2.2. Measures and data collection
Based on the compulsory admission physical examination organized by the Baoan District Government of Shenzhen, we conducted a school-based cross-sectional study recruited all the freshmen from the grade 1 of the primary school, middle school, and high school (i.e., the grade 1, 7, and 10, respectively) in the Baoan District of Shenzhen between February and June 2017. The stratified cluster sampling method was adopted to randomly select representative schools from different regions of the district. In following, 17 elementary schools for girls and boys were selected. Subsequently, with respect to the population of the respective school and the class, a number of students were chosen from each class. Based on the above procedure, 7800 students from elementary, middle and high school were selected. This research program was approved by the Ethical Review Committee of Baoan Central Hospital of Shenzhen. Written informed consent was obtained from all of the students and their parents.
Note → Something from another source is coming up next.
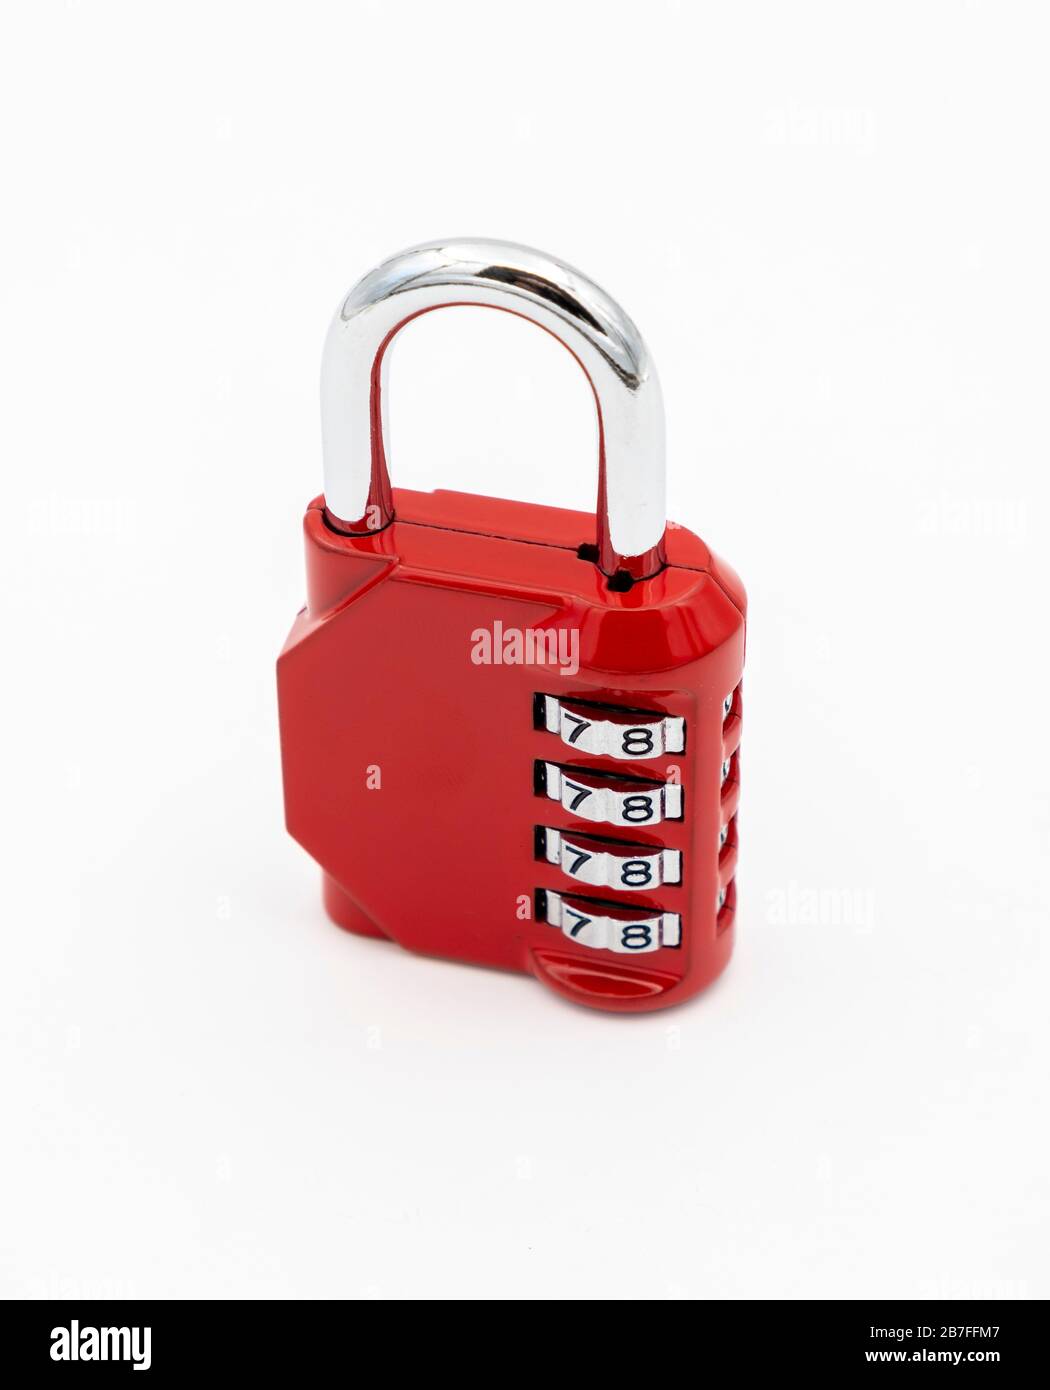 Red four digit code number padlock cut out isolated on a white background Stock Photo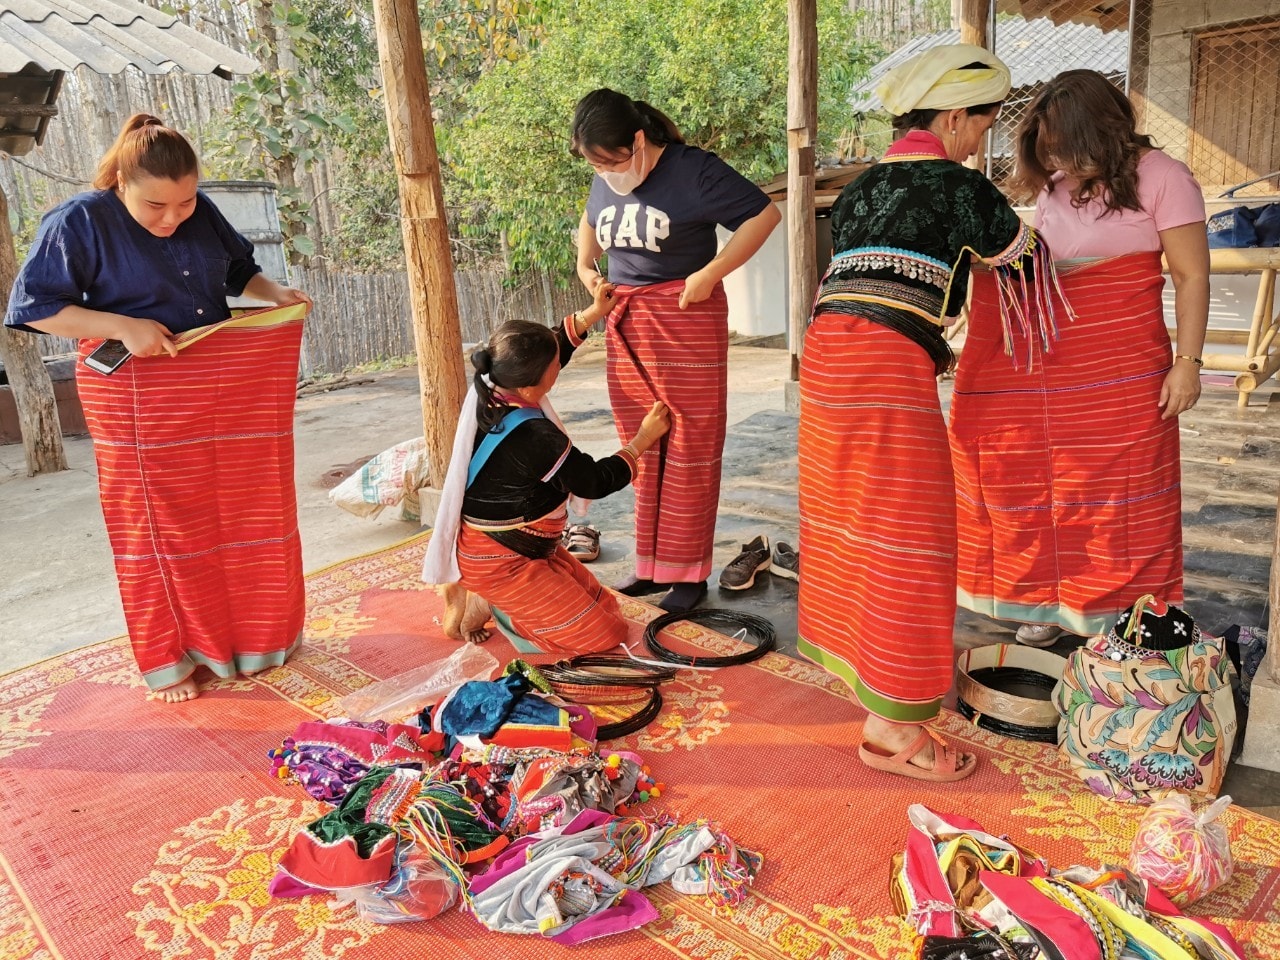 Tourists dress in ethnic clothing before they start the tour of a village in Chiang Mai, Thailand, on February 28, 2020. Photo courtesy of Wocation.

Only certified staff were allowed to take part in this study. Height and weight were measured by trained physicians to the nearest 0.1cm and 0.1kg, without shoes and in light clothing. Individual characteristic data including age, sex, and grade were double entered in a database manually. After an overnight fast of 10h, blood samples were drawn from an antecubital vein in each subject into vacutainer tubes. The tubes were delivered to laboratory of hospital in an insulated box with ice by a specially-assigned physician and centrifuged within an hour. FPG concentration was measured using the hexokinase method with the automatic analyzer (Model 7170s; Hitachi, Tokyo, Japan) by the Glucose Hexokinase FS, which was manufactured by Diasys Diagnostic Systems (Shanghai) CO, LTD. HbA1c was measured utilizing the ion high performance liquid chromatography (HPLC) with Bio-Rad VARIANT II (Made in USA), and the method is certified by the NGSP and standardized to the Diabetes Control and Complications Trial (DCCT) reference assay. All of the detection equipment in our laboratory have passed the National Center for Clinical laboratories external quality assessment.
2.3. Statistical analysis
Diabetes was defined as FPG of ≥ 7.0 mmol/L (126 mg/dL) or HbA1c of ≥ 6.5% (48 mmol/mol). Prediabetes was defined as FPG of 5.6 mmol/L (100 mg/dL) to 6.9 mmol/L (125 mg/dL) (IFG) or HbA1c of 5.7% to 6.4% (38.8 to 46.5 mmol/mol). Based on the international norms from the WHO with age (to the nearest one month) and gender-specific body mass index (BMI), BMI cutoffs were the following: overweight, BMI >1 SD; obesity, BMI >2SD; thinness, BMI < -2SD; and severe thinness, BMI < -3SD (SD was standard deviation of the BMI based z-scores) (22).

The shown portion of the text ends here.